Description of the task ▸
A verbatim copy is needed of the lines below from the one containing "Can I Use an Apple Gift Card on Cash App?" up to and including the one containing "Dometic RMD 8501, RMD", excluding pictures.

START Listed entries

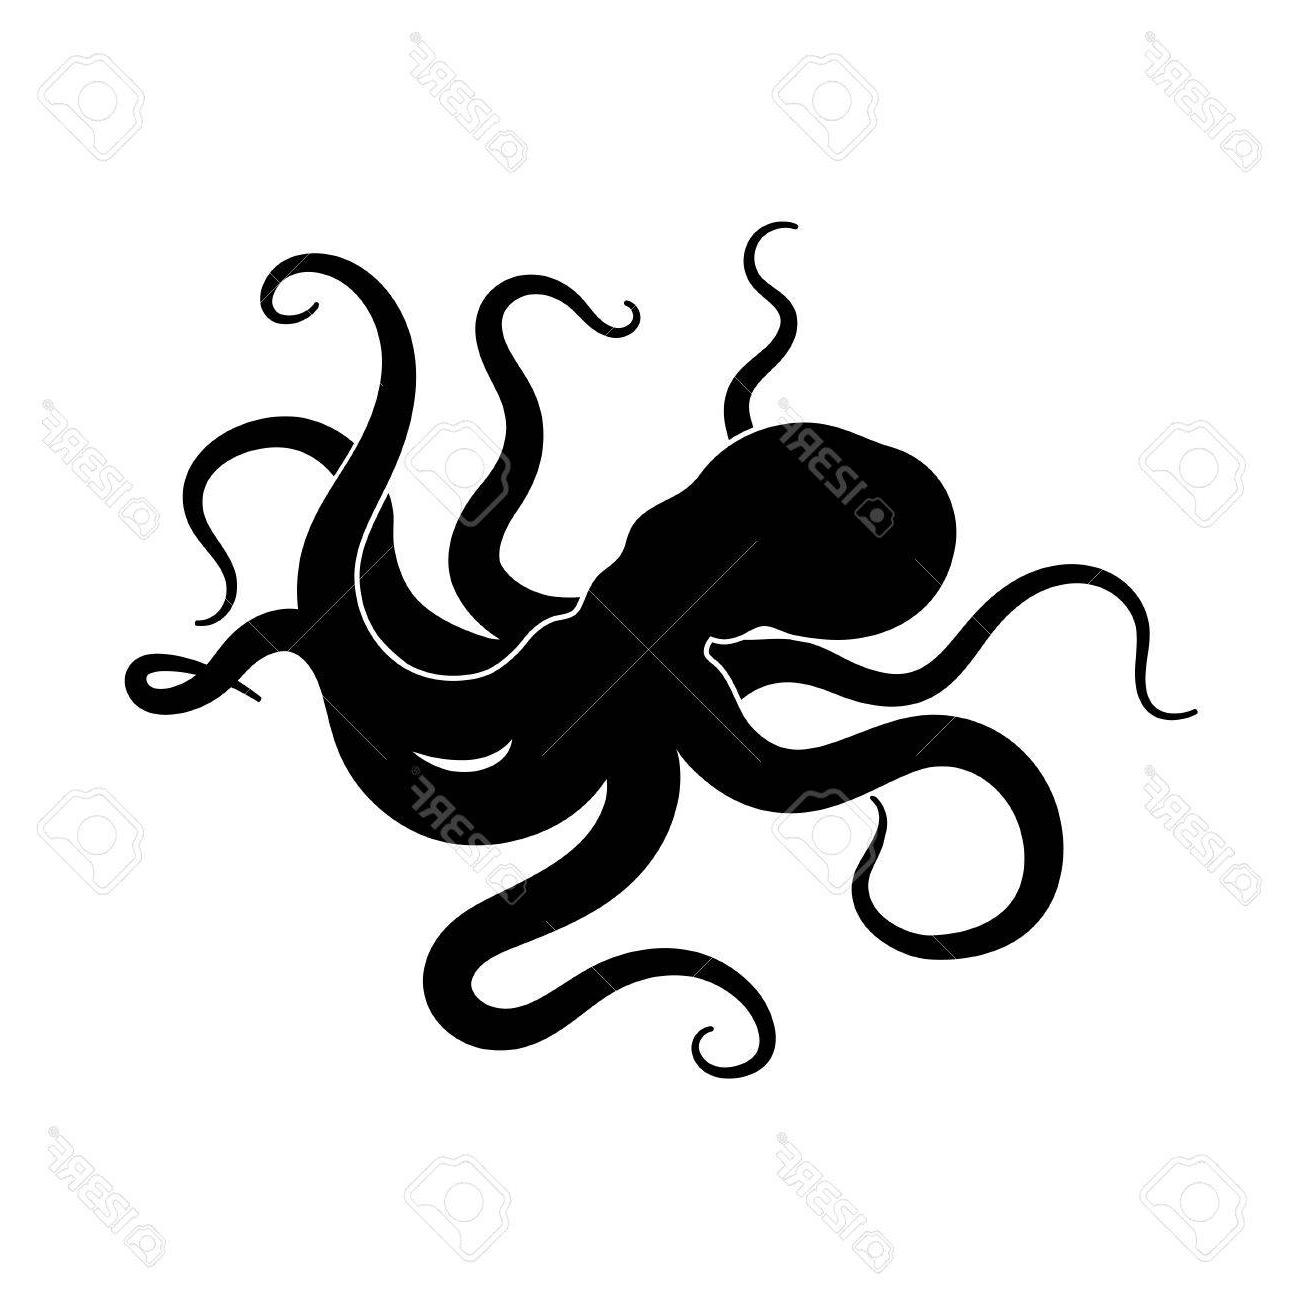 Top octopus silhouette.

END Listed entries
START Listed entries

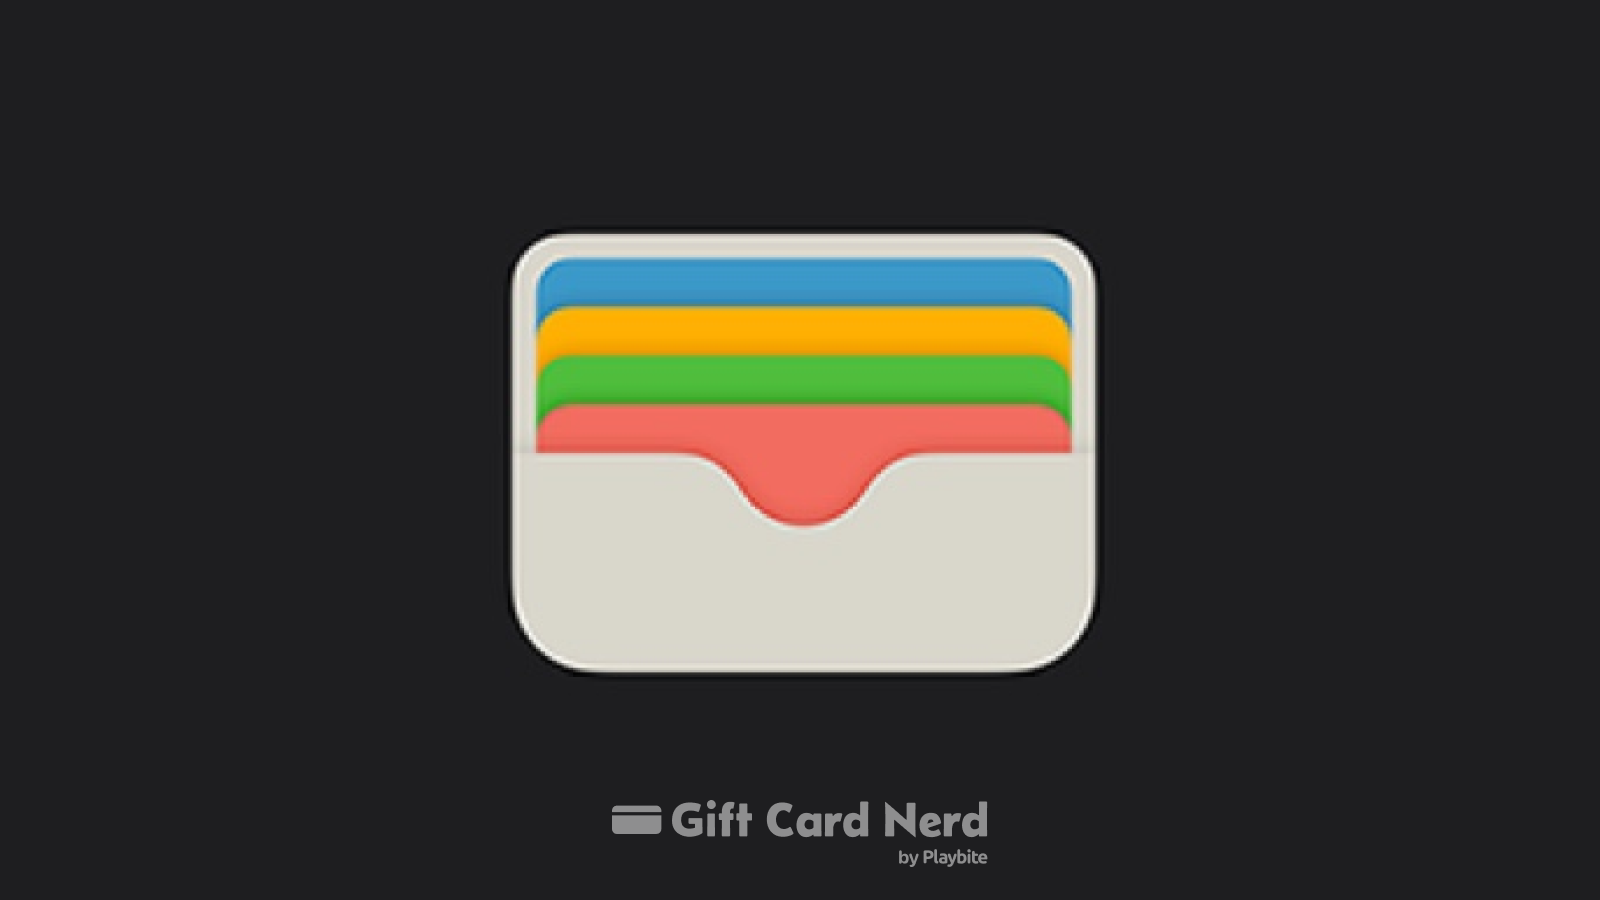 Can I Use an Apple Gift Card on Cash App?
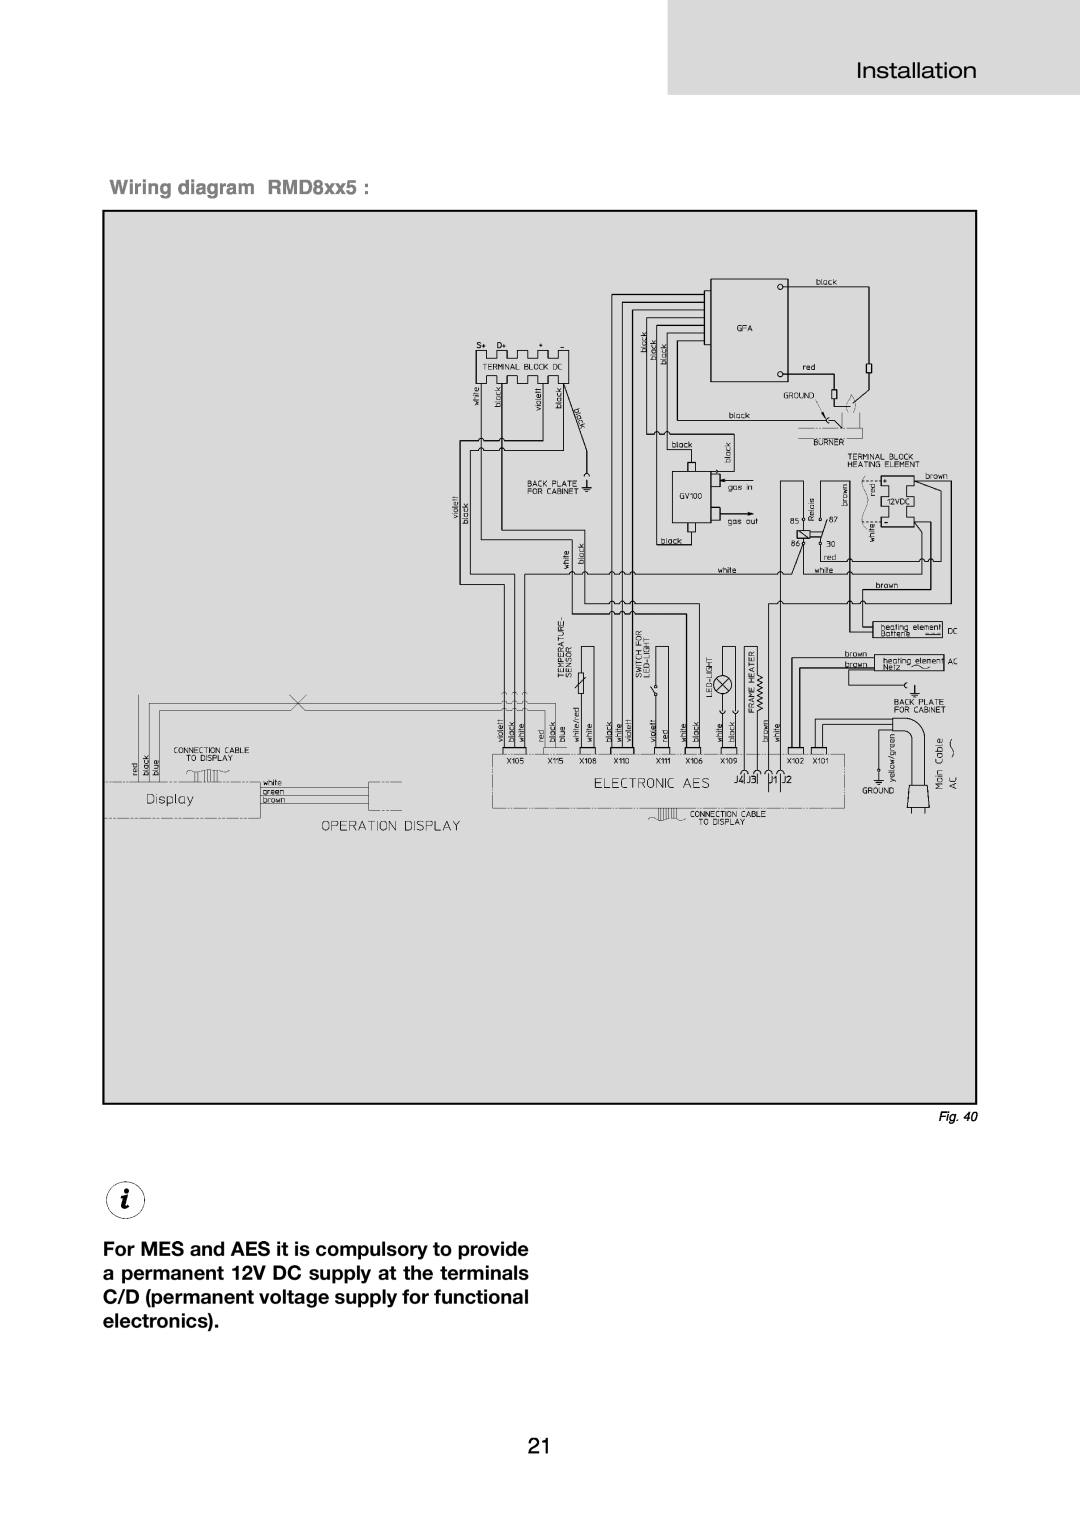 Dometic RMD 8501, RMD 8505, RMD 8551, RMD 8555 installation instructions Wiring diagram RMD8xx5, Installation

END Listed entries

Exercise output ▸
 Can I Use an Apple Gift Card on Cash App?
 Dometic RMD 8501, RMD 8505, RMD 8551, RMD 8555 installation instructions Wiring diagram RMD8xx5, Installation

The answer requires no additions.